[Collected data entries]
-- Opening Marker --

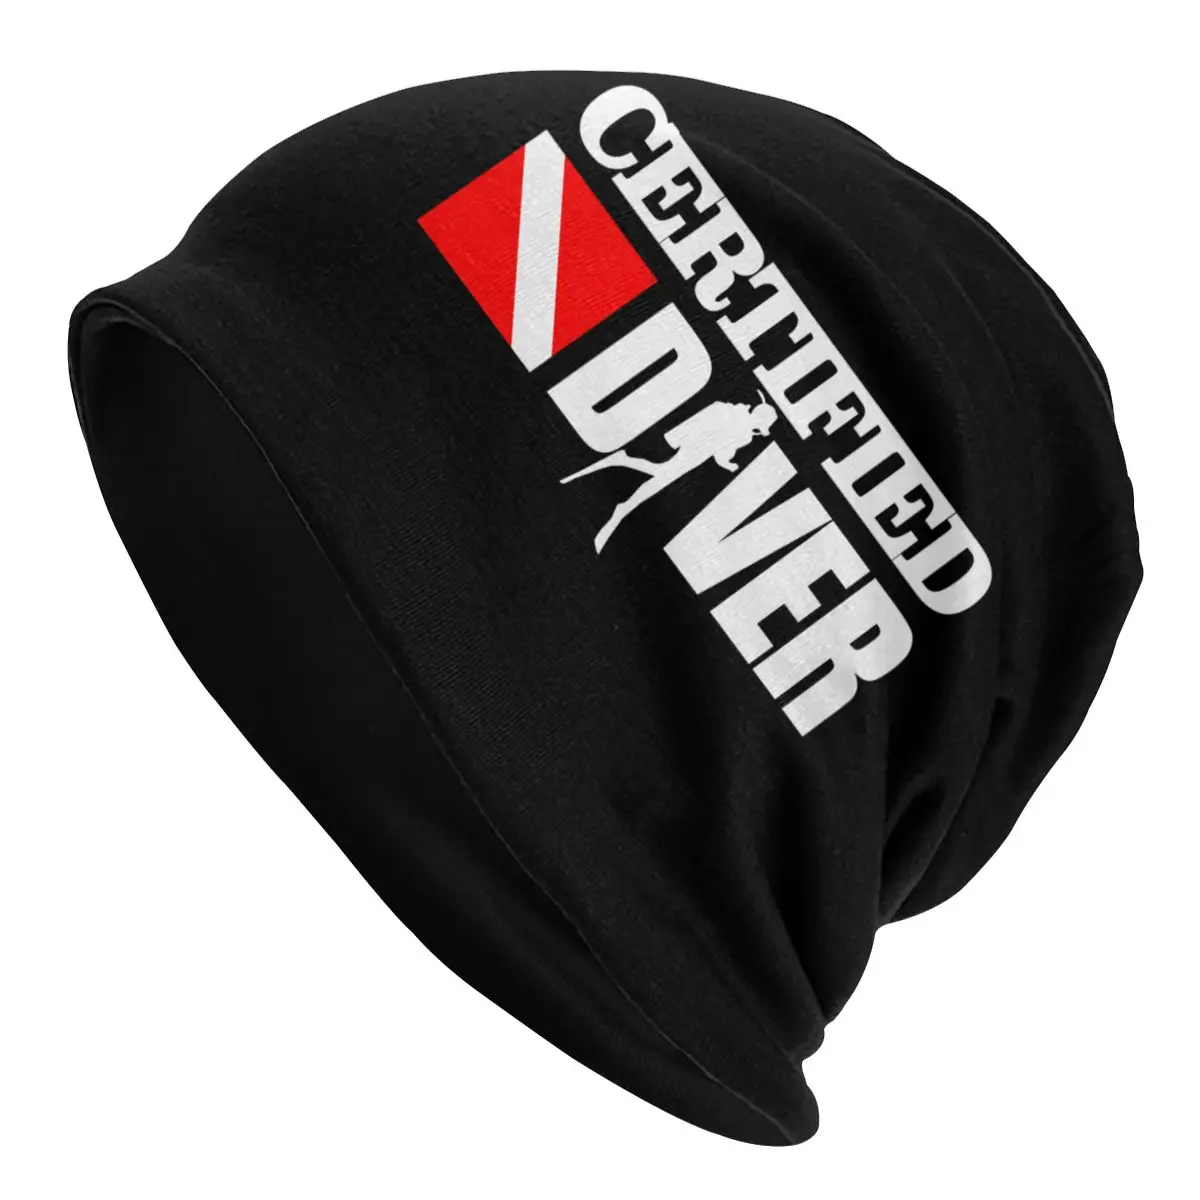 

Certified Diver Beanies Caps Unisex Bonnet Winter Warm Knit Hat Men Women Adult Scuba Diving Dive Beanie Hats Outdoor Ski Cap
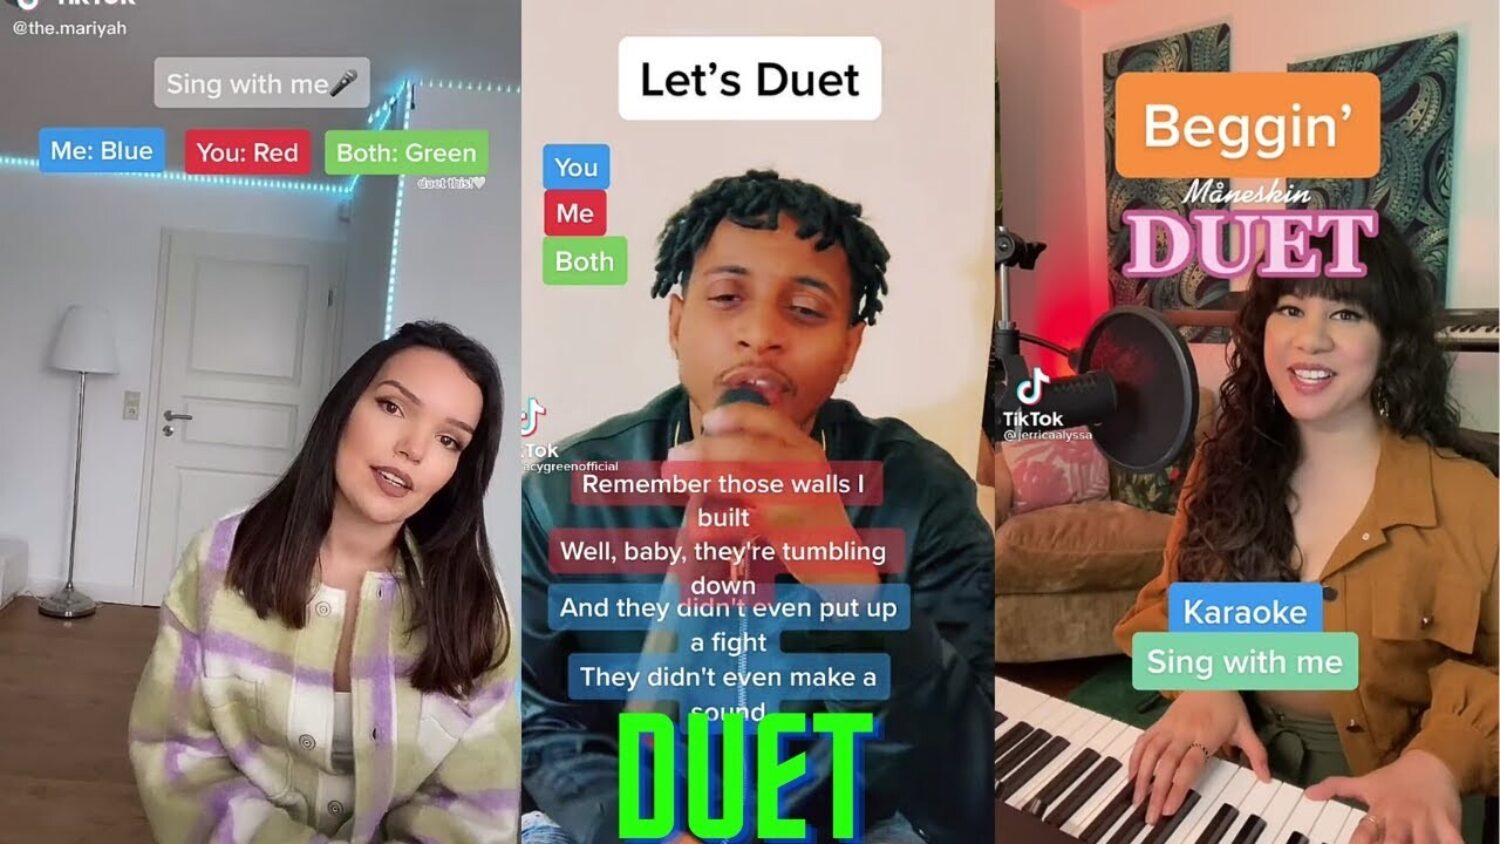 Tiktok duet music challenge
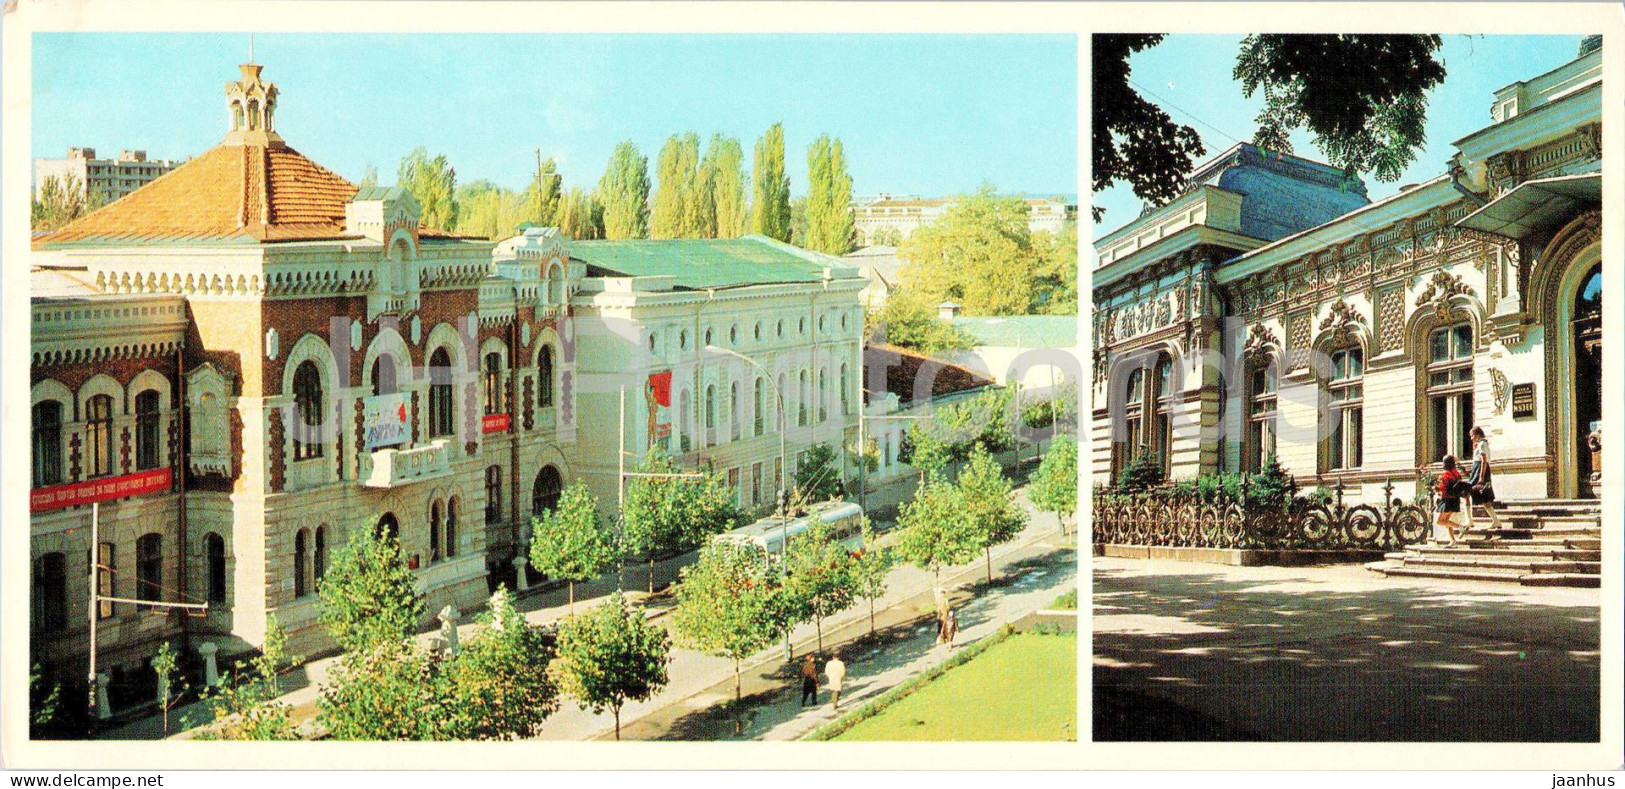 Chisinau - Museum Of History Of Communist Party - The State Art Museum - 1980 - Moldova USSR - Unused - Moldova
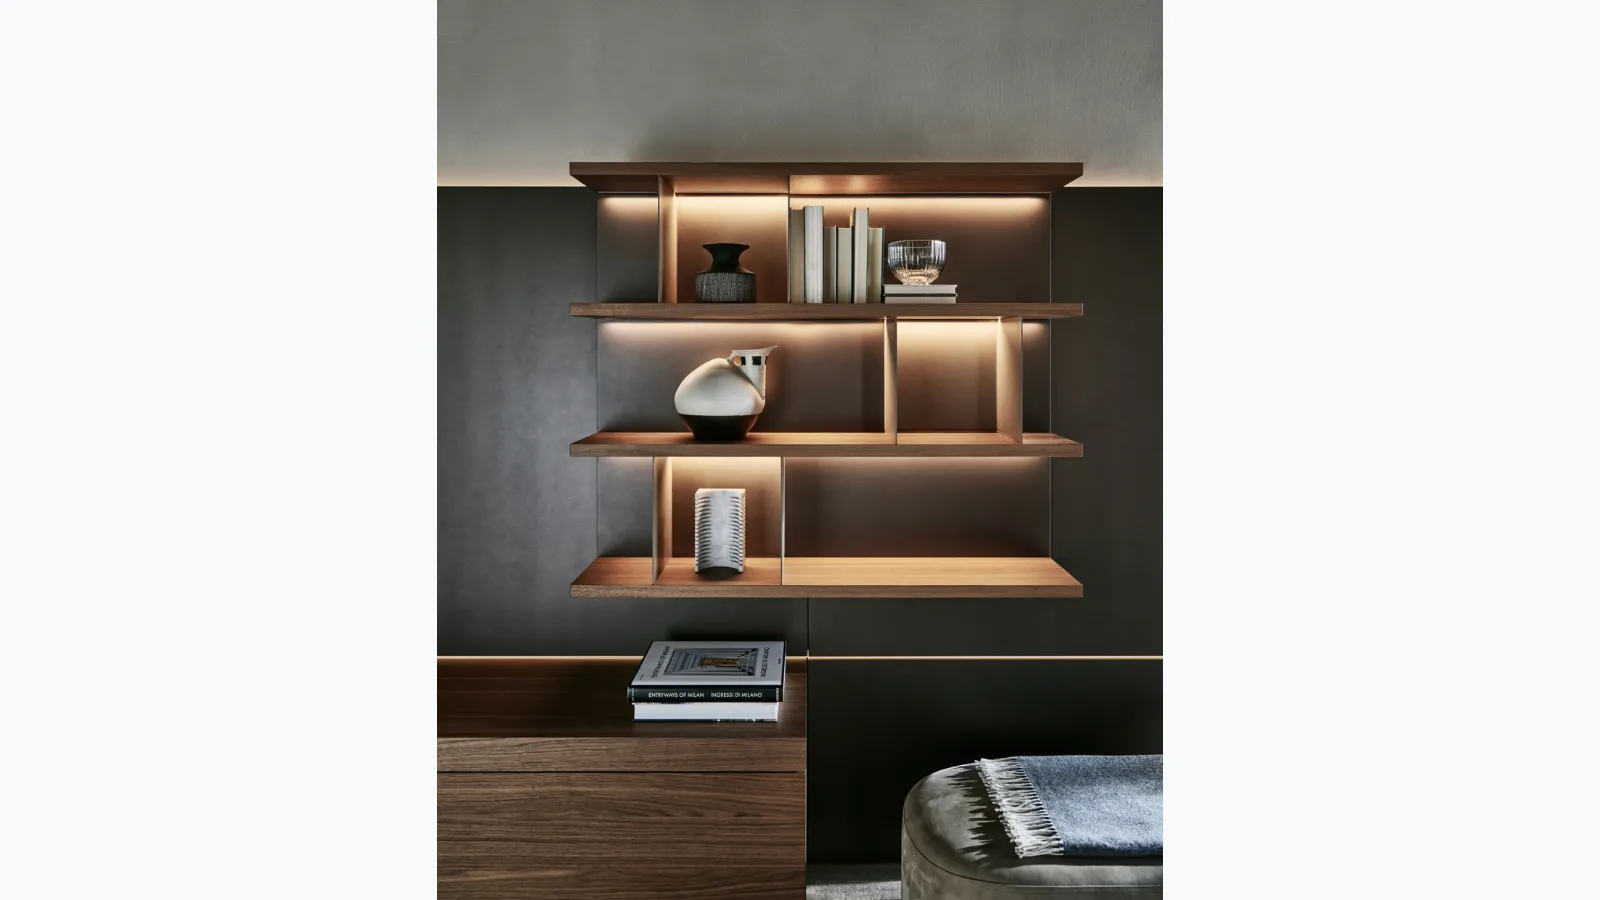 Libreria sospesa in legno con separatori in cuoio Grid 02 di Molteni & C
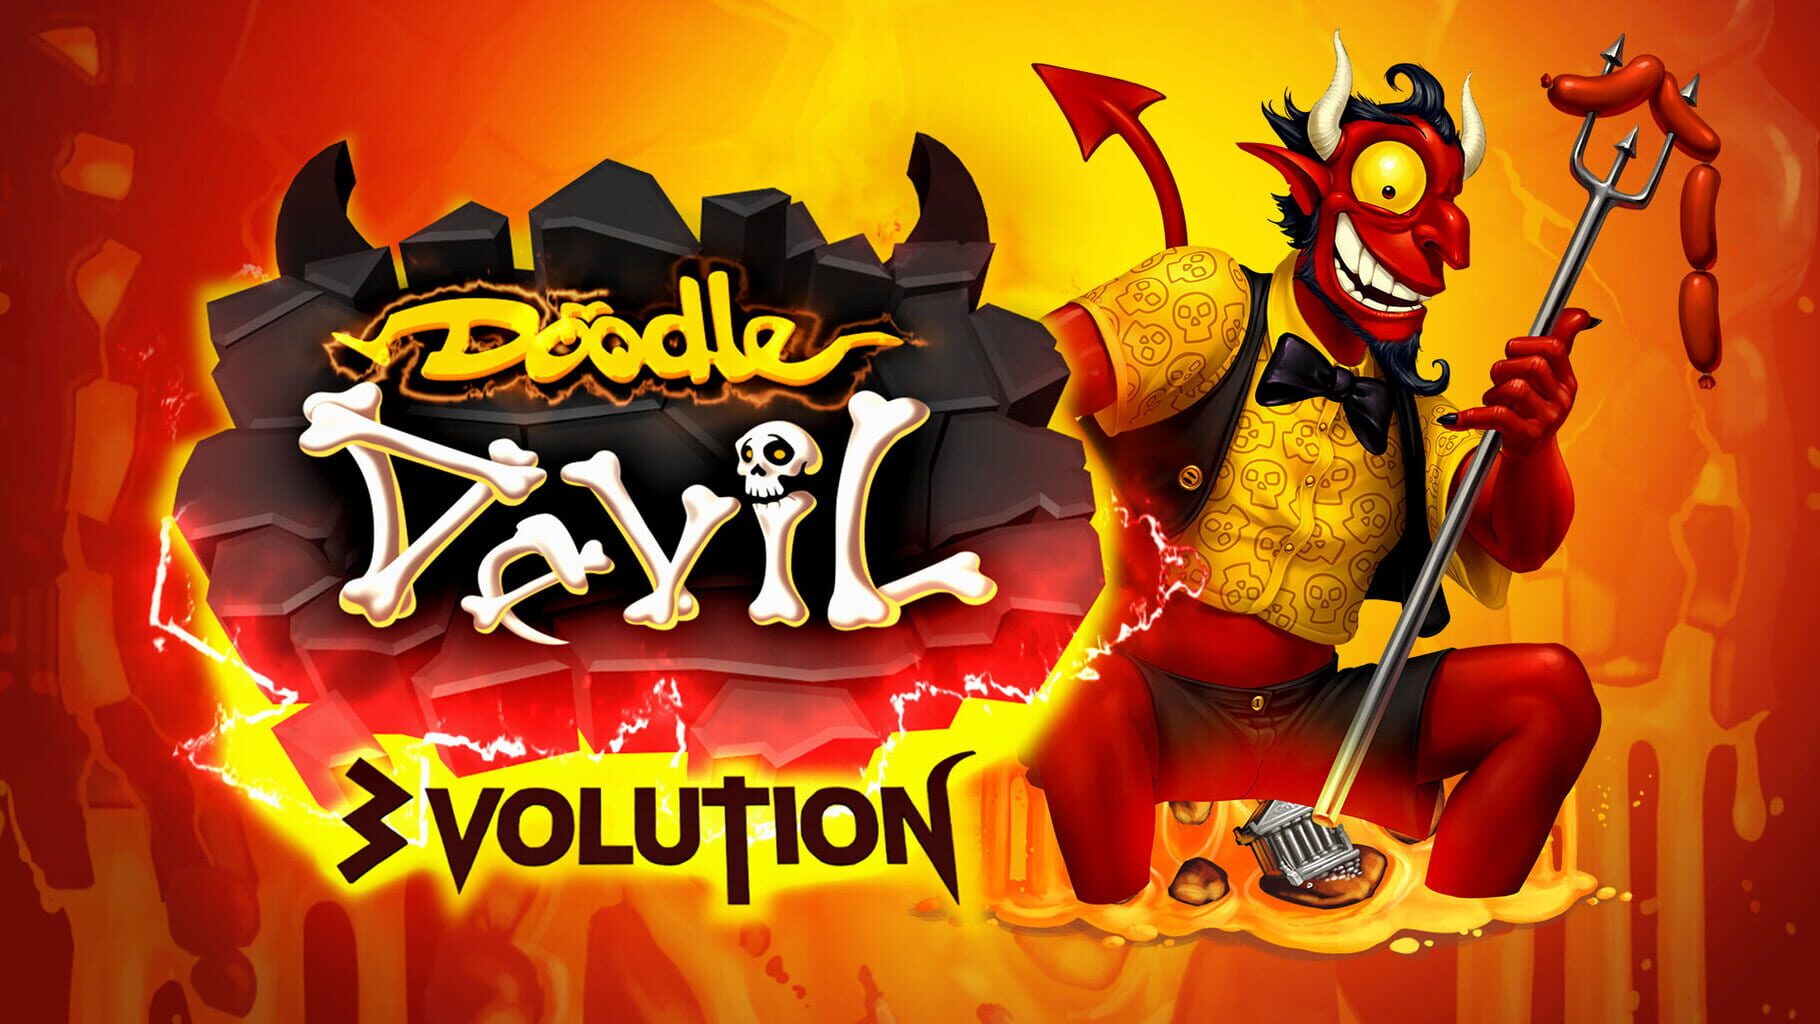 Doodle Devil: 3volution artwork

-- Closing Marker --

* INSTRUCTIONS FOR THE TASK *
A word-for-word retyping of every record is required, without the pictures.

* ANSWER AREA *
Certified Diver Beanies Caps Unisex Bonnet Winter Warm Knit Hat Men Women Adult Scuba Diving Dive Beanie Hats Outdoor Ski Cap
 Tiktok duet music challenge
 Chisinau - Museum Of History Of Communist Party - The State Art Museum - 1980 - Moldova USSR - Unused - Moldova
 Libreria sospesa in legno con separatori in cuoio Grid 02 di Molteni & C
 Doodle Devil: 3volution artwork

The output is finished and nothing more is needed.